- Saved data entries -
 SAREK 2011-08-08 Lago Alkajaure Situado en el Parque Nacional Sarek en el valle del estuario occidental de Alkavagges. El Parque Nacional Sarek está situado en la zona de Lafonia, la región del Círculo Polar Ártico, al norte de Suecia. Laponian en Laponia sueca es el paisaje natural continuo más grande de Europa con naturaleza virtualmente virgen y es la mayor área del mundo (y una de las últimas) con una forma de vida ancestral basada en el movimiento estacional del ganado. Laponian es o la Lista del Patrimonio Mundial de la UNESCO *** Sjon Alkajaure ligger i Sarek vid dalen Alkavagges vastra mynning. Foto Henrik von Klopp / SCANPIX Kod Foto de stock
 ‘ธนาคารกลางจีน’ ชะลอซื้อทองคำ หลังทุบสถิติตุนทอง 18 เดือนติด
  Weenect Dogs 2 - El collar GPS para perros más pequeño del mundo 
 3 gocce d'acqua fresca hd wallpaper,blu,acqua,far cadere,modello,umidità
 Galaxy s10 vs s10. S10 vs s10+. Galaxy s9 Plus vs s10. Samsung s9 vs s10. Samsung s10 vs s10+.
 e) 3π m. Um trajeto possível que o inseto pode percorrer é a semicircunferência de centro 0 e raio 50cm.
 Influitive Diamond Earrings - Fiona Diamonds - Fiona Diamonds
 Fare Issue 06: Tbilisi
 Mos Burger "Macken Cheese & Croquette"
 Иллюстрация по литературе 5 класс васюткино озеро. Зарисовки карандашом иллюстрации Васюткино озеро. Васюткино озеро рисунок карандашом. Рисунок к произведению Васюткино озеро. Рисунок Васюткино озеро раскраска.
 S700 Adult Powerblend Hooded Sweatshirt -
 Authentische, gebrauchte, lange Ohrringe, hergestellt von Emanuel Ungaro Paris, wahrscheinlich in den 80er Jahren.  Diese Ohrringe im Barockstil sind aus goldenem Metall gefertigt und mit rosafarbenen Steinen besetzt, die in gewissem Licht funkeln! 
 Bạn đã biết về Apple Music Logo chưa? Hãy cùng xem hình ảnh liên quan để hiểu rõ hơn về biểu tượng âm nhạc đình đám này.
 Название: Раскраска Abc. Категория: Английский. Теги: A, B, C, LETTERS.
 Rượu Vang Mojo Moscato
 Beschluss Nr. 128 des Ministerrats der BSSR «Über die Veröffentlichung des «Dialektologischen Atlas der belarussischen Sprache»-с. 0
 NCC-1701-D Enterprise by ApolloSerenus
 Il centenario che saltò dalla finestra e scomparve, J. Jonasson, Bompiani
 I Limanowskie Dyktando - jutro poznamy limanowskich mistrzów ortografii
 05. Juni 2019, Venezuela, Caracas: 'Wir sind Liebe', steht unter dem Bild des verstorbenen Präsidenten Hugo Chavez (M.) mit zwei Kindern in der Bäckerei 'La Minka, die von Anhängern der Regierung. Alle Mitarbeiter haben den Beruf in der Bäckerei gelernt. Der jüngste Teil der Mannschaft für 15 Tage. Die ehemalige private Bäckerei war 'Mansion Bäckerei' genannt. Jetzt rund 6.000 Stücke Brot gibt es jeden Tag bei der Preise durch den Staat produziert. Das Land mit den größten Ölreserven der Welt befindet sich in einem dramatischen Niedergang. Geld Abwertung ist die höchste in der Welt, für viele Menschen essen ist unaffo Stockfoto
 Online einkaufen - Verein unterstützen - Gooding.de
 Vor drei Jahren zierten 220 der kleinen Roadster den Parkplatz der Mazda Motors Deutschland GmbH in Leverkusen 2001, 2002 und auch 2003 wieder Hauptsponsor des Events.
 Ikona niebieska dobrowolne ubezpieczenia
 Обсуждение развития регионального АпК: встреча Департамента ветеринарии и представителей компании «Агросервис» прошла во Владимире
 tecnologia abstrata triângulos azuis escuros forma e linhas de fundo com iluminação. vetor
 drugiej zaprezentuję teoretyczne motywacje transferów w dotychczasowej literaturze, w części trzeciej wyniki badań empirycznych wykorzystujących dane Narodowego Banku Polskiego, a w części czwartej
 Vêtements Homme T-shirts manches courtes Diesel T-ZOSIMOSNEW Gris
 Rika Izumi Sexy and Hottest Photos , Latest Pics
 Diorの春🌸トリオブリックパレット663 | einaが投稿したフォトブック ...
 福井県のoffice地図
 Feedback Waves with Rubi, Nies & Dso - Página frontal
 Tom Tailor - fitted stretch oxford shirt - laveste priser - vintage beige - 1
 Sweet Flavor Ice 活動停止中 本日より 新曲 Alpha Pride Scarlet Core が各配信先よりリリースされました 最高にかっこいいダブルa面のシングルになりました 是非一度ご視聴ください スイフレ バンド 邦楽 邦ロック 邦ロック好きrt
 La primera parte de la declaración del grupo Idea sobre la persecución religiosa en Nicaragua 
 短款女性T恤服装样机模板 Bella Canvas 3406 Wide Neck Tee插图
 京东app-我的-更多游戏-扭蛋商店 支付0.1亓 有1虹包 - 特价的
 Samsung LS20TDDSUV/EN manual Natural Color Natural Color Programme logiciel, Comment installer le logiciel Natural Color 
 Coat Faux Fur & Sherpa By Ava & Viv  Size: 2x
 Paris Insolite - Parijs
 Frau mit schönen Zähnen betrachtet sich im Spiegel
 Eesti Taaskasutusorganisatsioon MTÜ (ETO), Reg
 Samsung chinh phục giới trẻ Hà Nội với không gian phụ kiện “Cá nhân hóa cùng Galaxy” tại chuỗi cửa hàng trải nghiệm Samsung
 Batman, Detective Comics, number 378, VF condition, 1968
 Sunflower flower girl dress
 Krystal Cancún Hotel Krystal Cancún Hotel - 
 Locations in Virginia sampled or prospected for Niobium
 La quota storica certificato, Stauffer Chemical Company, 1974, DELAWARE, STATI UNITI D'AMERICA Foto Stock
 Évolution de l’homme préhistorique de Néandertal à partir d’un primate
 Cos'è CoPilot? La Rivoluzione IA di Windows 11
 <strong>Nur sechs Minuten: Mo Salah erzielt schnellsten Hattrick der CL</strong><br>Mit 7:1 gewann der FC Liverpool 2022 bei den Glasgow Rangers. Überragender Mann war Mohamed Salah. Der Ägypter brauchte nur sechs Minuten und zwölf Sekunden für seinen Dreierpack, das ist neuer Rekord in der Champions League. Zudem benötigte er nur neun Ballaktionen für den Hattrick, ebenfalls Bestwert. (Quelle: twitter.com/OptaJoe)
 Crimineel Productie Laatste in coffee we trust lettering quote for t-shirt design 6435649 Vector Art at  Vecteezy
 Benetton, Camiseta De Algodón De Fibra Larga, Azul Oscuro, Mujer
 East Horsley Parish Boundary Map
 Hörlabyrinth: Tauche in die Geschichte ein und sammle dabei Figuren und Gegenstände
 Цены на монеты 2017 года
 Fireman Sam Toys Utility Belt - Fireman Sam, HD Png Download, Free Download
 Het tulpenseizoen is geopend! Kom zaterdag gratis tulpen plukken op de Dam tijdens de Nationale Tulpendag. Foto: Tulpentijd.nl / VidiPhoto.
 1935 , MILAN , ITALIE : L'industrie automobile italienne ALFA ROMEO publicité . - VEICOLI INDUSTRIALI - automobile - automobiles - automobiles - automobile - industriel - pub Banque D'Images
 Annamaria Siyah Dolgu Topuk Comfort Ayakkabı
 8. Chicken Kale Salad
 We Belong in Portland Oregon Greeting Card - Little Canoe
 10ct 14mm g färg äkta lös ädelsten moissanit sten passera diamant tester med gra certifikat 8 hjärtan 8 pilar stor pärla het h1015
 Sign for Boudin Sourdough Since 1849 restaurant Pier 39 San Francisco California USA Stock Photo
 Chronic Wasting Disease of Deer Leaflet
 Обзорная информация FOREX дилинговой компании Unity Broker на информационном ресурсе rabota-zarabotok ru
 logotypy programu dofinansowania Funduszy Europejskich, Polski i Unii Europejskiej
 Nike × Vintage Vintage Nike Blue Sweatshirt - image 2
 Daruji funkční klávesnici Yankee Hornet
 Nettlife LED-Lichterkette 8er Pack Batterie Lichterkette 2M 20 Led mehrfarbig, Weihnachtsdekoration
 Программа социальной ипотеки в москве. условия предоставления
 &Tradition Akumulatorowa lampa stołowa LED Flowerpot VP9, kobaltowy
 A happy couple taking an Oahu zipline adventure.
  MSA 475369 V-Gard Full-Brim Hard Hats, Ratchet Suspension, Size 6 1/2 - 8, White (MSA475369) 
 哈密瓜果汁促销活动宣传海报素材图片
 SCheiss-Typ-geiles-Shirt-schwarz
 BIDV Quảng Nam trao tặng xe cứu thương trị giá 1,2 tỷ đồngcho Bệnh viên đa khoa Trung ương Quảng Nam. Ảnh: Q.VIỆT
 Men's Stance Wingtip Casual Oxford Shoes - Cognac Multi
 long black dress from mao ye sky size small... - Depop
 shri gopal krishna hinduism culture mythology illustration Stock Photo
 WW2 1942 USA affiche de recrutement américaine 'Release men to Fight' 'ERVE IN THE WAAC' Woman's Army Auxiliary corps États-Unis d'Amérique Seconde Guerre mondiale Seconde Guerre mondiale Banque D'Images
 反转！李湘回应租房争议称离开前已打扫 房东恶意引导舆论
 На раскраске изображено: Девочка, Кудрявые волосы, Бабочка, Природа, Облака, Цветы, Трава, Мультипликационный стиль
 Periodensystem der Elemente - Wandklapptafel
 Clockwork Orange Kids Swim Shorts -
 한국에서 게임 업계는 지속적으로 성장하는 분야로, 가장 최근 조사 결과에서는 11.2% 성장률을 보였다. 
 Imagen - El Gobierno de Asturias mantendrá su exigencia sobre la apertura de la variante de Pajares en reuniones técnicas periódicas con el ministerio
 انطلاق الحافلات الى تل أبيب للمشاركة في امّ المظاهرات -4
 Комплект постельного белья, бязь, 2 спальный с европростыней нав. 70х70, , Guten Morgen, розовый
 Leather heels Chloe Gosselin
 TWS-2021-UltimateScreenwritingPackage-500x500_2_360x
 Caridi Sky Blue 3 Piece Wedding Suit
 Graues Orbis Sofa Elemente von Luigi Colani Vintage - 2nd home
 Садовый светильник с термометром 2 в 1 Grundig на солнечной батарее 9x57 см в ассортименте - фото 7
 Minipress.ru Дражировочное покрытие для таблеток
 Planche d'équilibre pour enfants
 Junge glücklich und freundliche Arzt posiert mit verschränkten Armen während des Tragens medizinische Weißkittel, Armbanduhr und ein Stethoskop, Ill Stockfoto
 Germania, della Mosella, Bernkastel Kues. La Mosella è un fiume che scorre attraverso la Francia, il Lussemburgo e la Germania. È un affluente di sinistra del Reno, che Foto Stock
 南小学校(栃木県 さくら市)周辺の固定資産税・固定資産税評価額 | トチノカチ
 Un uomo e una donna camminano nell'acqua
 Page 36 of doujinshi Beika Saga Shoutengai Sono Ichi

- WHAT THE TASK REQUIRES -
Both the line containing "福井県のoffice地図" and the line containing "京东app-我的-更多游戏-扭蛋商店 支付0.1亓 有1虹包 - 特价的" belong in the answer. Print them and every line above that falls between them exactly, and no others.

- ANSWER SPACE -
 福井県のoffice地図
 Feedback Waves with Rubi, Nies & Dso - Página frontal
 Tom Tailor - fitted stretch oxford shirt - laveste priser - vintage beige - 1
 Sweet Flavor Ice 活動停止中 本日より 新曲 Alpha Pride Scarlet Core が各配信先よりリリースされました 最高にかっこいいダブルa面のシングルになりました 是非一度ご視聴ください スイフレ バンド 邦楽 邦ロック 邦ロック好きrt
 La primera parte de la declaración del grupo Idea sobre la persecución religiosa en Nicaragua 
 短款女性T恤服装样机模板 Bella Canvas 3406 Wide Neck Tee插图
 京东app-我的-更多游戏-扭蛋商店 支付0.1亓 有1虹包 - 特价的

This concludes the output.